- Pronunciation: [hanunuʔɔ]
- Native to: Philippines
- Region: Mimaropa
- Native speakers: (13,000 cited 2000)
- Language family: Austronesian Malayo-PolynesianPhilippineGreater Central PhilippineSouth MangyanHanunoo; ; ; ; ;
- Writing system: Hanunuo

Language codes
- ISO 639-3: hnn
- Glottolog: hanu1241

= Hanunoo language =

Austronesian language spoken in the Philippines

Hanunoo, or Hanunó'o (/tl/), is a language spoken by Hanunoo-Mangyans on the island of Mindoro, Philippines. It is written in the Hanunoo script. Hanunoo is part of the Austronesian language family, within the cluster of Southern Mindoro languages.
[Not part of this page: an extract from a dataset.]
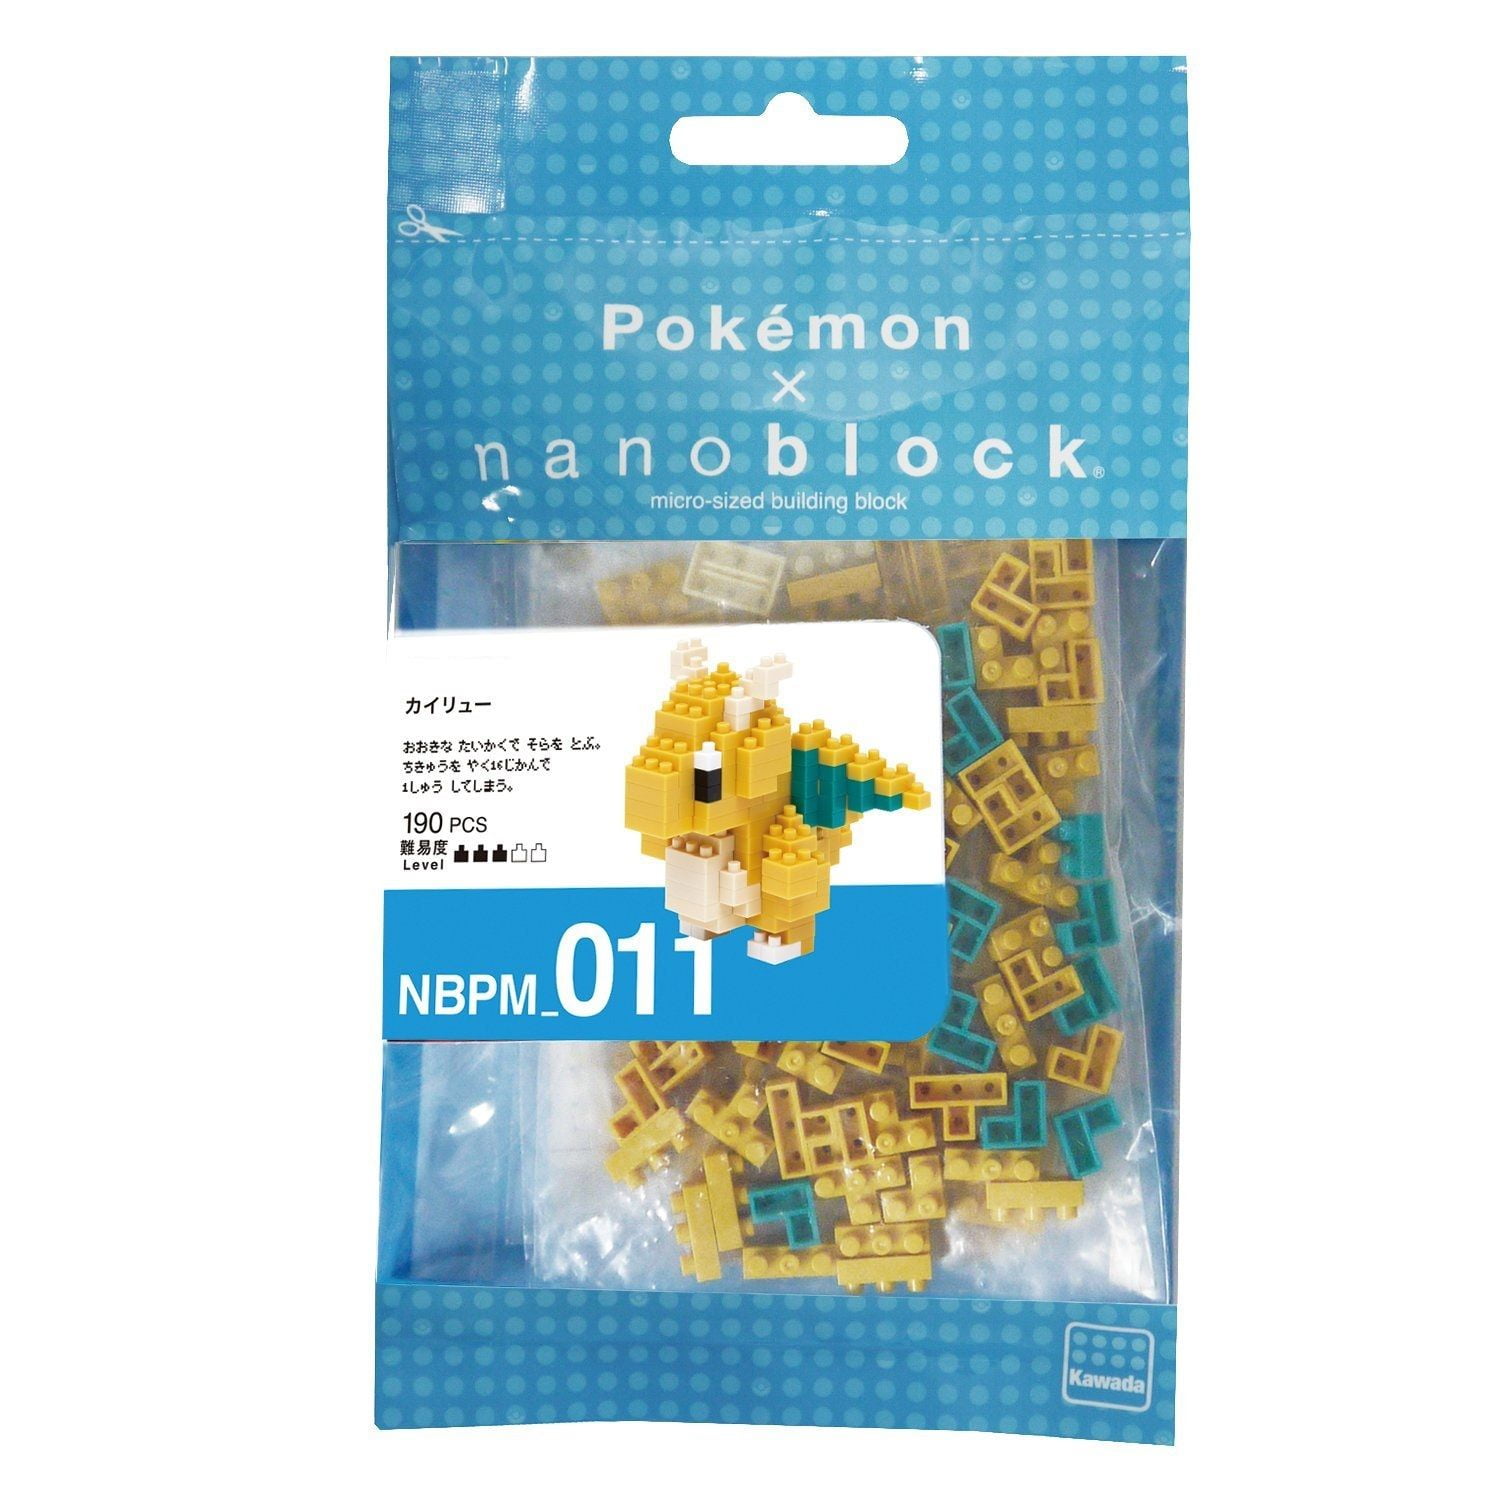 Nanoblocks Pokemon Dragonite Building Set #011

== Geographic distribution ==
Hanunoo is spoken in the following locations according to Barbian (1977):
- Barrio Tugtugin, San Jose, Occidental Mindoro
- Naluak, Magsaysay, Occidental Mindoro (on the upper Caguray River)
- Bamban, Magsaysay, Occidental Mindoro (also with Ratagnon and Bisayan residents)
- Barrio Panaytayan, Mansalay, Oriental Mindoro (about 5 km from the highway in the mountains southwest of Mansalay)

==Phonology==
=== Consonants ===
Hanunoo has 16 consonant phonemes.

Consonants
|  |  | Labial | Alveolar | Palatal | Velar | Glottal |
| Plosive | voiceless | p ⟨p⟩ | t ⟨t⟩ |  | k ⟨k⟩ | ʔ |
| voiced | b ⟨b⟩ | d ⟨d⟩ |  | ɡ ⟨g⟩ |  |
| Nasal |  | m ⟨m⟩ | n ⟨n⟩ |  | ŋ ⟨ng⟩ |  |
| Fricative |  |  | s ⟨s⟩ |  |  | h ⟨h⟩ |
| Trill |  |  | r ⟨r⟩ |  |  |  |
| Lateral |  |  | l ⟨l⟩ |  |  |  |
| Approximant |  | w ⟨w⟩ |  | j ⟨y⟩ |  |  |

=== Vowels ===

Vowels
|  | Front | Central | Back |
|---|---|---|---|
| Close | i ⟨i⟩ |  | u ⟨u⟩ |
| Mid |  | (ə) |  |
| Open |  | a ⟨a⟩ |  |

- //a i// can be heard as /[ə ɪ]/ within closed syllables.
- //u// can be heard as /[o]/ within word-final syllables.
- //i// can be heard as an open-mid /[ɛ]/ among some speakers in certain words.

===Diphthongs===
Hanunoo also has four diphthongs: , , , and .

==Grammar and syntax==
Pronouns in Hanunoo are inflected to indicate grammatical case, number, tense, inclusion, and person. Verbs can be inflected for grammatical aspect, active versus passive voice, and grammatical mode. Adjectives can be inflected to show different degrees of comparison.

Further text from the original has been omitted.